- Problem to work on
Output the listing exactly as written, apart from its pictures.

- Given data
<<<<

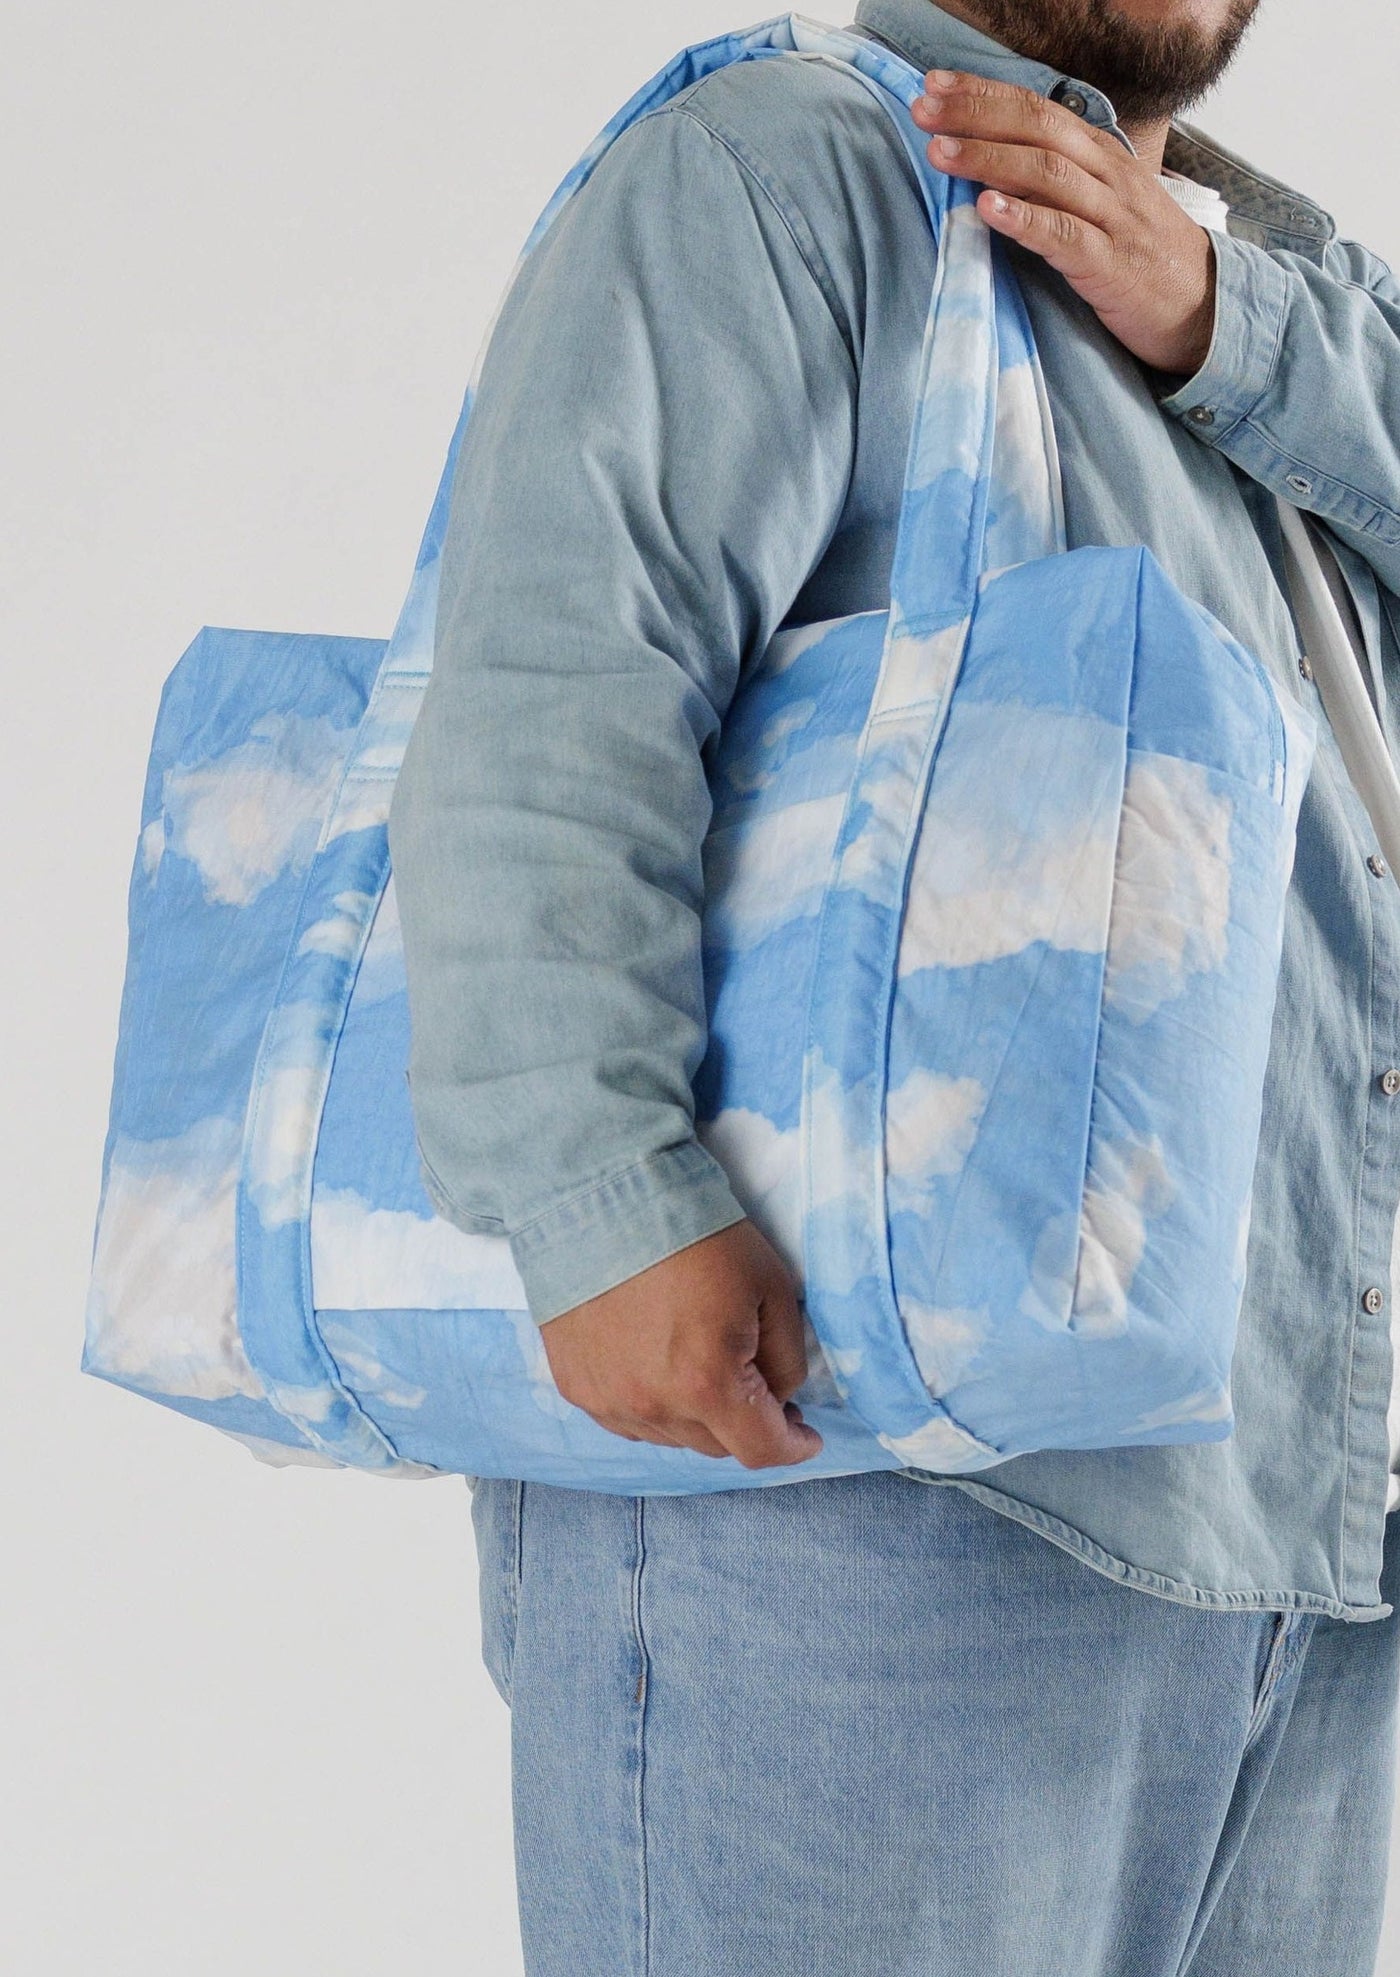 Cloud Bag Carry-On, Clouds
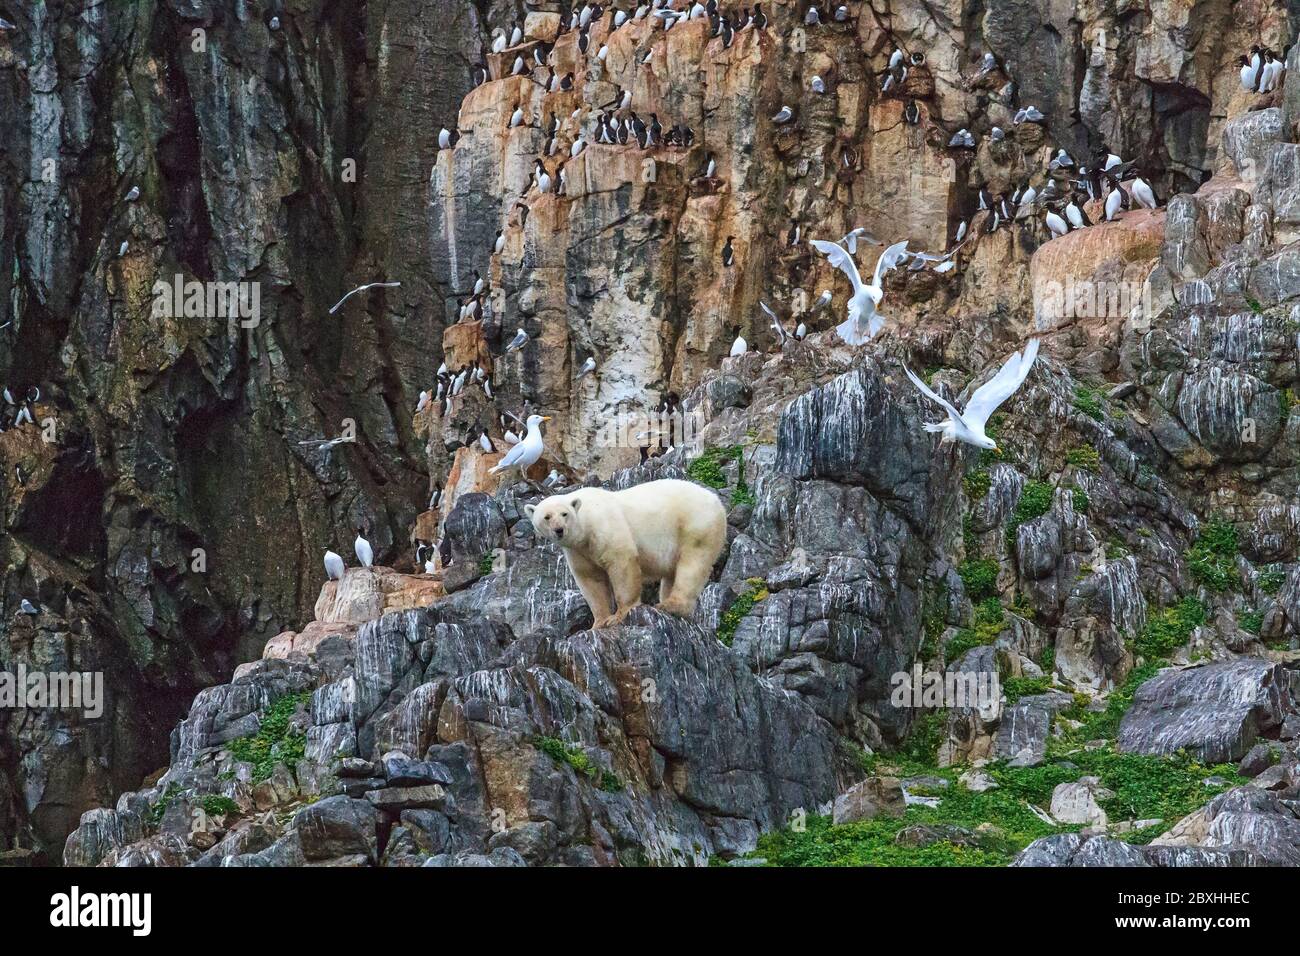 Young male polar bear rests and hunts nesting seabirds on rocky cliff of Coburg Island, NW Passage, Nunavut, arctic Canada. Stock Photo
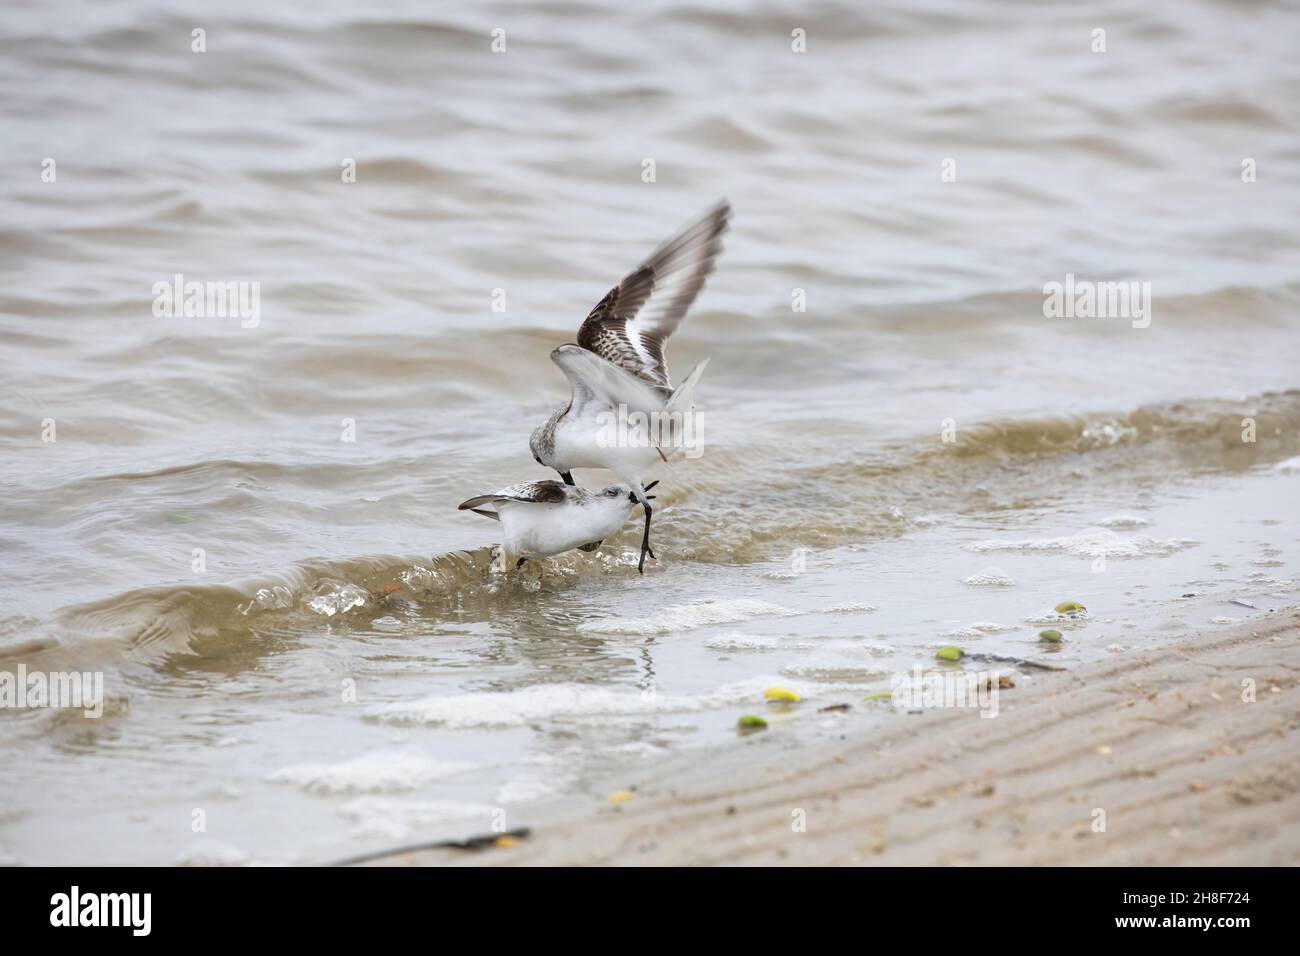 Two sanderlings fighting on the beach at Fort Matanzas Inlet in Fort Matanzas Monument. Stock Photo

>>>>

- Answer space
 Cloud Bag Carry-On, Clouds
 Young male polar bear rests and hunts nesting seabirds on rocky cliff of Coburg Island, NW Passage, Nunavut, arctic Canada. Stock Photo
 Two sanderlings fighting on the beach at Fort Matanzas Inlet in Fort Matanzas Monument. Stock Photo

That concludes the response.